Such highly interconnected structure provides potential functional advantage compared to less interconnected (i.e., “flat”) architectures, including the ability to provide more fine-grain response to a highly heterogeneous variety of exogenous signals and conditions, the ability to provide rapid adaptive response to changing stimuli, and the ability to preserve cell state via autoregulatory feedback. Consistent with the underlying biology, and in contrast to transcriptional networks, the vast majority of pARACNe-inferred interactions have a positive Spearman correlation, with higher counts of TK-mapped phosphopeptides corresponding to higher counts of candidate substrate-mapped ones. This is consistent with the fact that TKs only phosphorylate their substrates, thus inducing positive phospho-state correlation. Only a negligible number of inferred interactions (0.5%) were associated with a negative Spearman correlation (N = 11, p ⩽ 0.05). These may represent either indirect interactions where the TK activates a substrate-specific phosphatase or direct interactions where phosphorylation of one phosphosite may prevent phosphorylation of another site on the same protein.

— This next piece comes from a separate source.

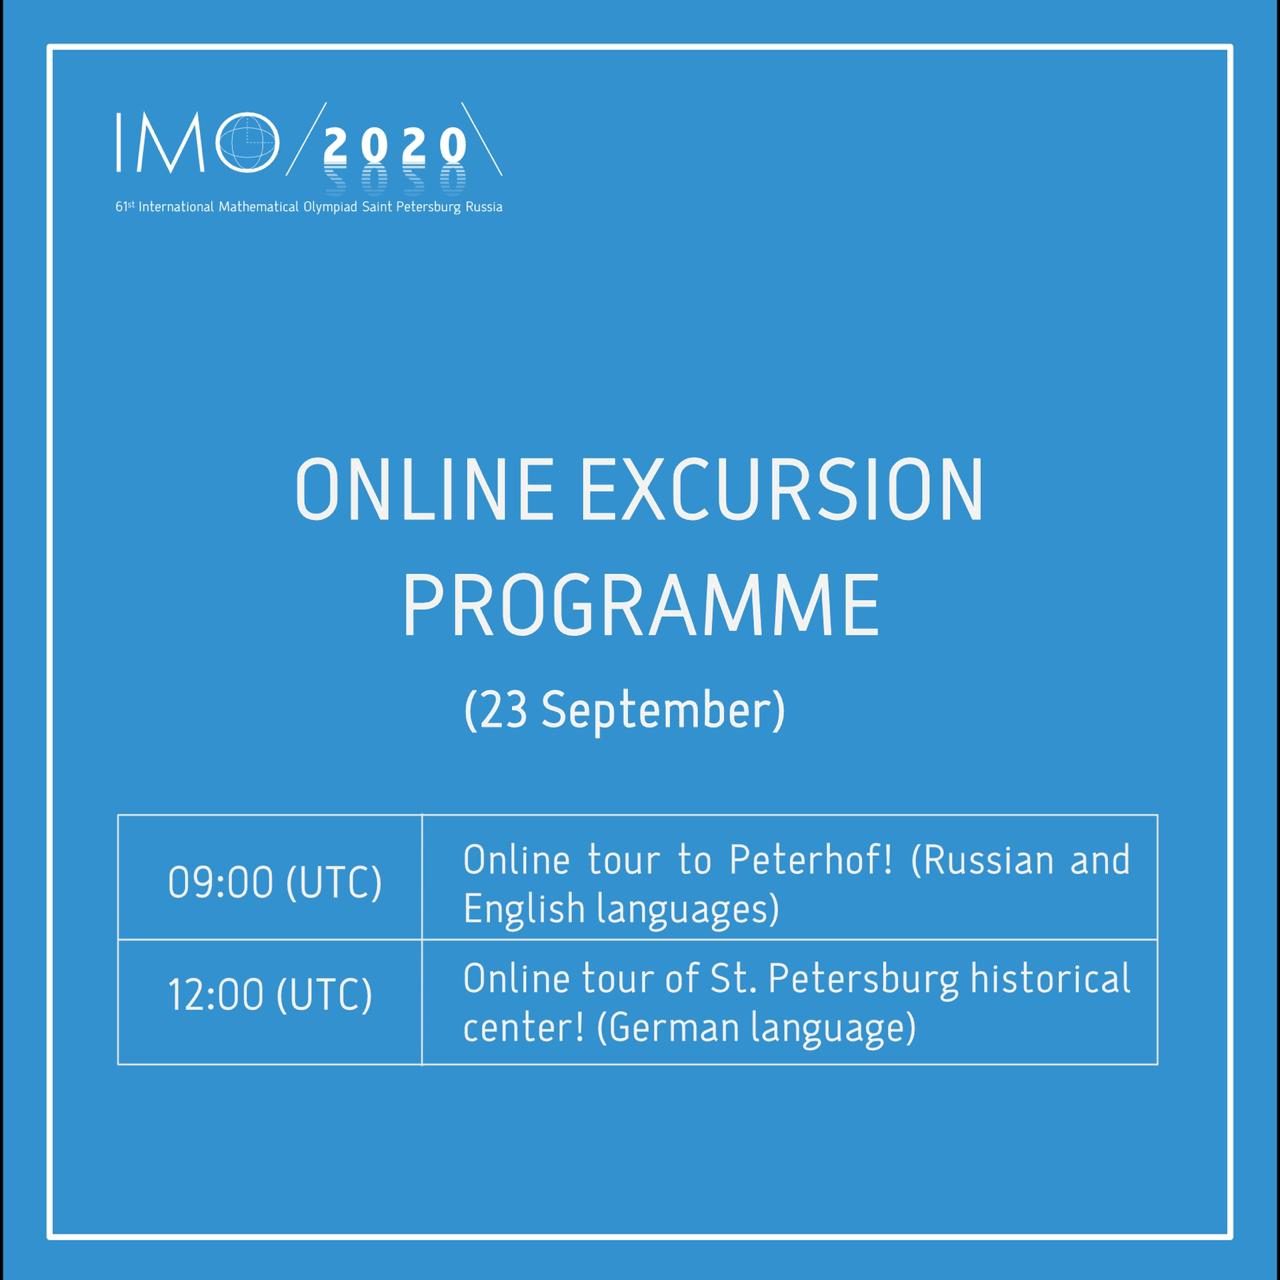 Online excursion programme

LUAD Network Accuracy and Sensitivity Analysis

To estimate the accuracy of the inferred TK-signaling network, we investigated the substrates of two TK-proteins, EGFR and c-MET, representing high-affinity binding targets of existing FDA-approved TK inhibitors for LUAD. Specifically, we compared their pARACNe-inferred substrates to those reported in the phosphoDB database (33) and those supported by experimental evidence, based on previously published SILAC assays, following cell line treatment with associated, selective TK inhibitors. pARACNe inferred 123 EGFR substrates (Fig. 2B). Of these, 5 (blue and cyan) were included as high-confidence EGFR substrates in phosphoDB, out of 13 in total (38%), including the established EGFR auto-phosphorylation site. Moreover, 50 additional proteins (45%, green) showed significant decrease (at least 2 fold) in the abundance of their phosphorylated isoforms in SILAC assays (32), following treatment of H3255 cells with the EGFR inhibitor Gefitinib. Similarly, pARACNe predicted 179 c-MET substrates (Fig. 2C). Notably, both of the established substrates reported in PhosphoDB were identified by pARACNE (100%, blue). Moreover, 126 additional proteins (71.5%, blue) showed significant decrease in the abundance of their phosphorylated isoforms in SILAC assays(32), following treatment of MKN45 cells with the first-generation c-MET-specific inhibitor Su11274.

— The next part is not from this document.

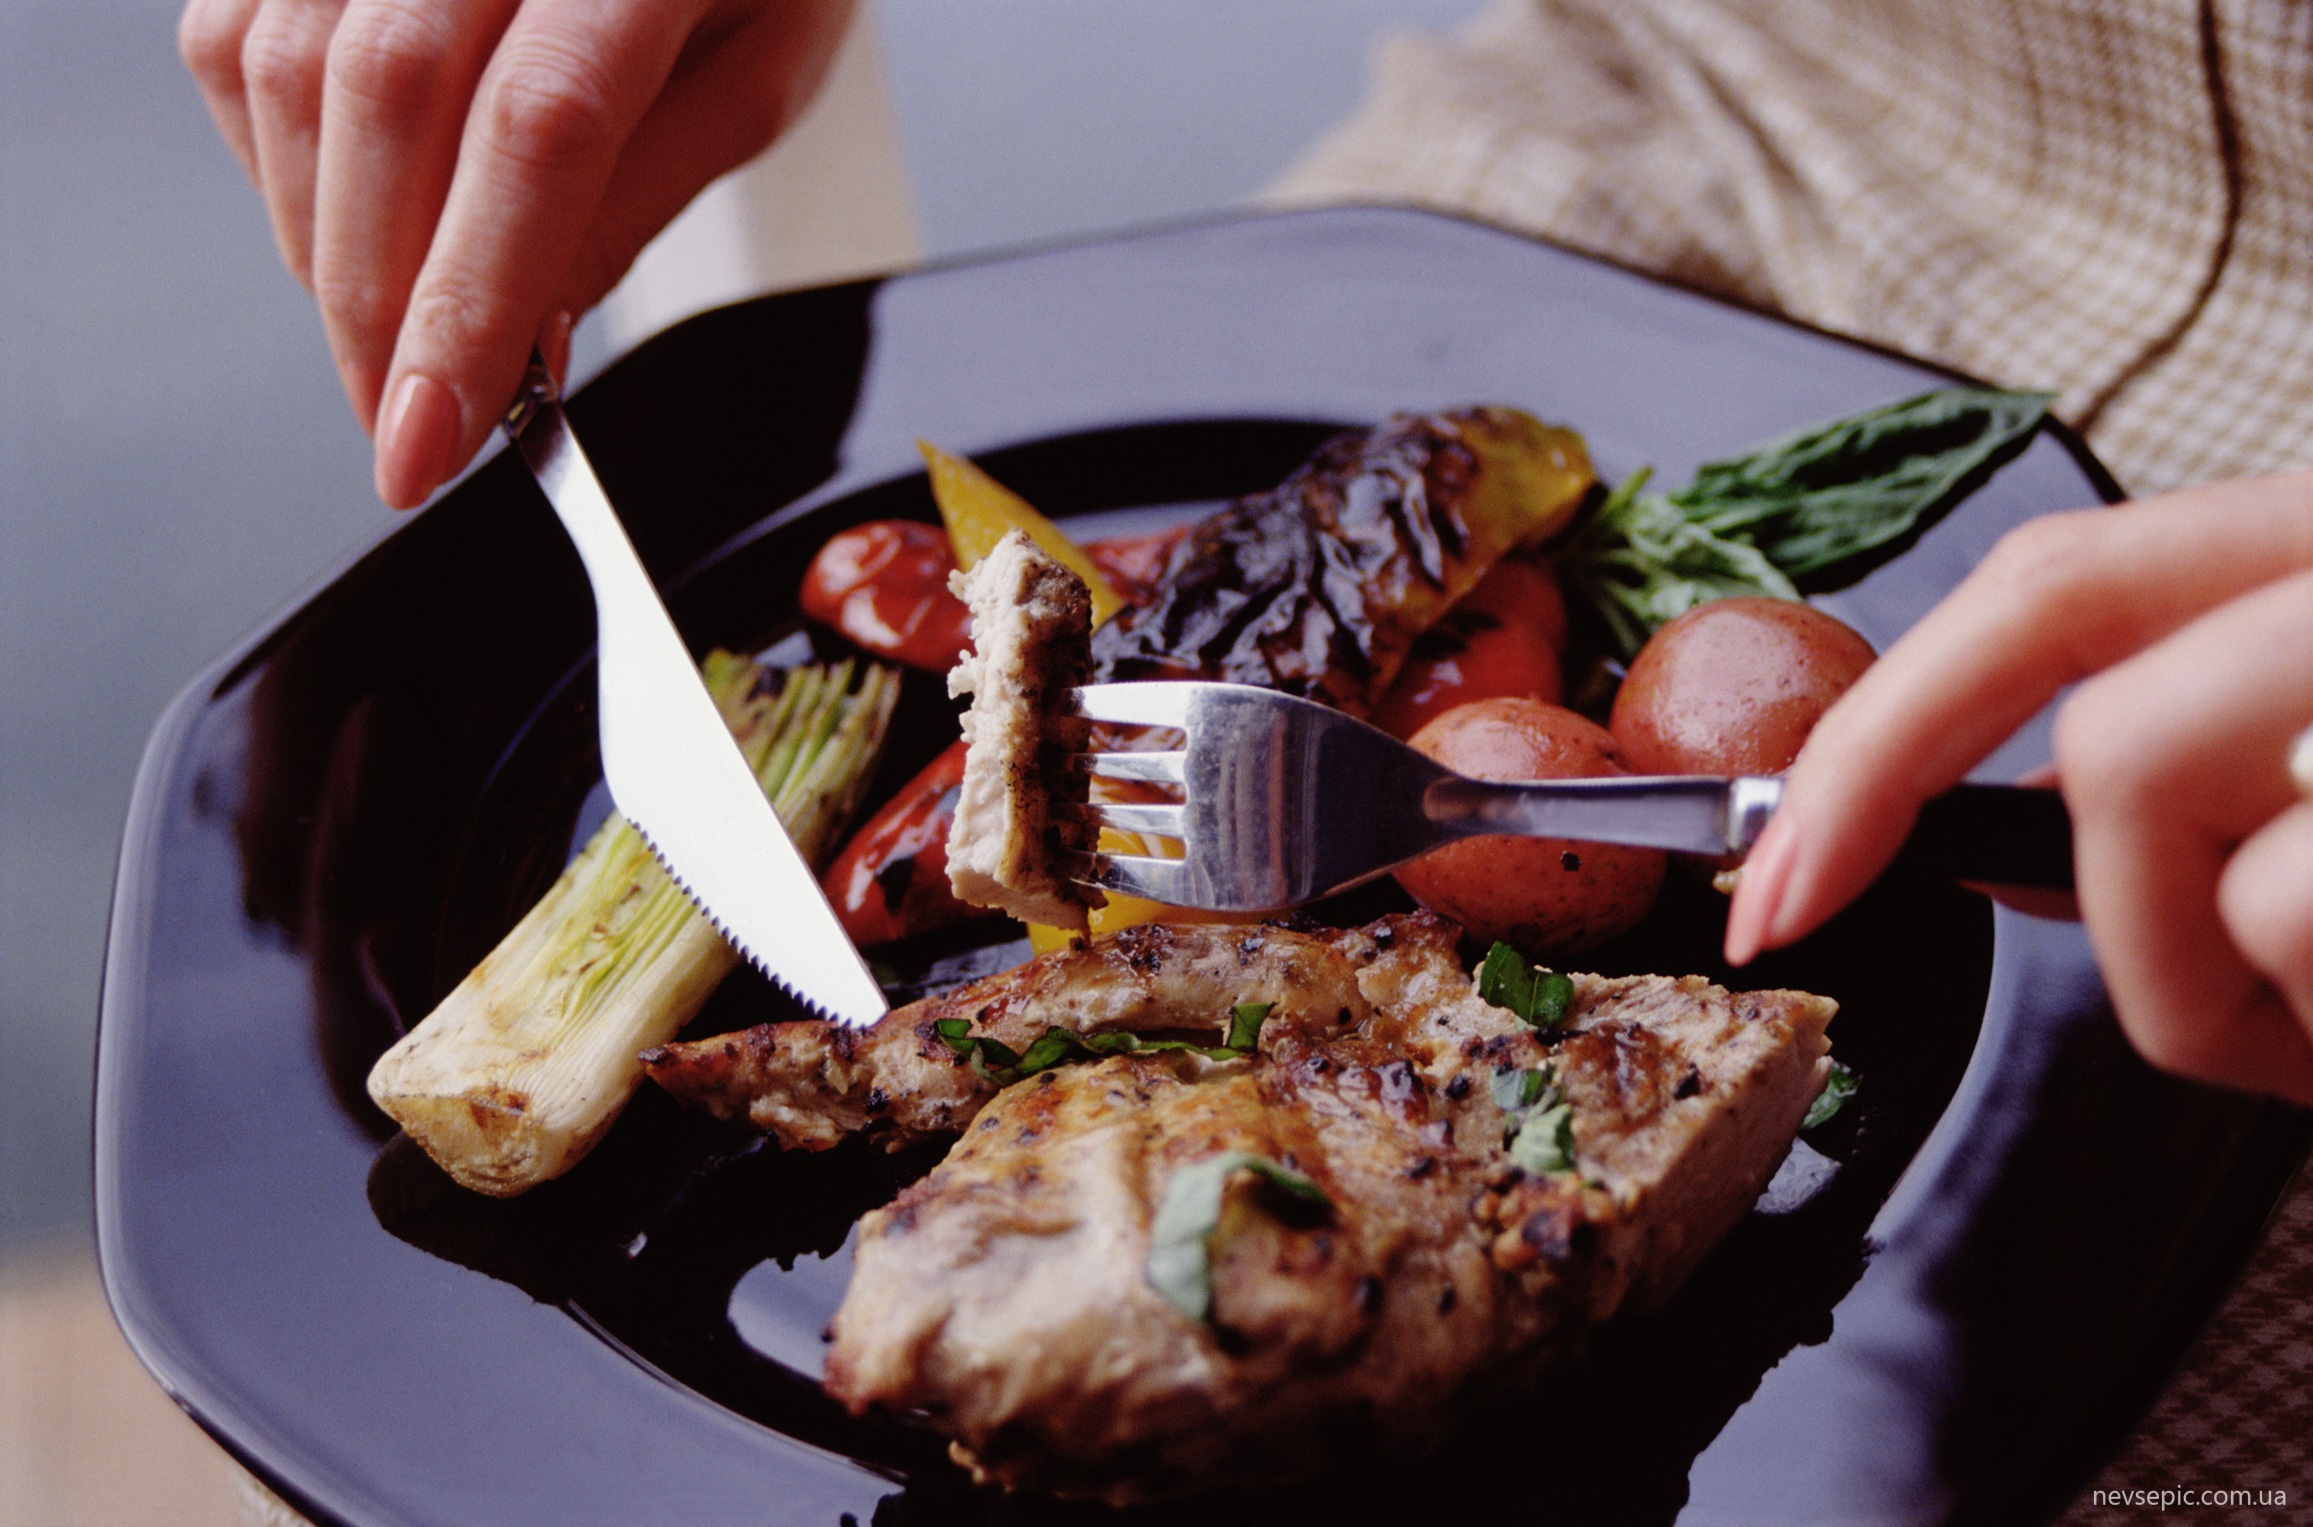 Мясо едят руками. Блюда из человеческого мяса. Еда с вилкой и ножом. Рука с едой. Кушать вилкой и ножом.

We used MKN45 to assess overall prediction accuracy, even though it represents a gastric cancer cell line, because signaling networks should are much more conserved across tissue contexts than transcriptional ones. Indeed, while lineage-specific chromatin state represents a major determinant of transcriptional regulation, it only affects signal transduction in terms of overall protein availability. As a result, it is reasonable to expect that an even greater overlap of inferred vs. SILAC positive substrates may be achieved in native LUAD cells.

Taken together, these data suggest that pARACNe can identify a much larger subset of candidate substrates, while both identifying a significant proportion of established substrates (46% on average, based on phosphoDB) and maintaining high accuracy (~60% on average, by SILAC assays). This also suggest that, similar to transcription factor targets reported in the literature, TK substrates are still poorly characterized in existing repositories, even for highly relevant and exceedingly well-studied kinases such as EGFR and c-MET. As a result, pARACNe could provide significant novel hypotheses for TK→S interactions that can be validated as required. We should also note that the reported accuracy for pARACNe is estimated using SILAC data on a single cell line. SILAC assays have significant false negatives and it would be reasonable to expect that, once tested in additional cell lines, the accuracy of pARACNe could further increase. As a further performance benchmark, we used the same SILAC benchmark to test predictions by NetworkIN, a reverse engineering method based on protein sequence motif analysis and protein association networks (16). The analysis found almost no consensus with SILAC assays, with only one out of 33 NetworkIN-predicted EGFR substrate identified as significantly dephosphorylated following treatment with TK-specific inhibitors.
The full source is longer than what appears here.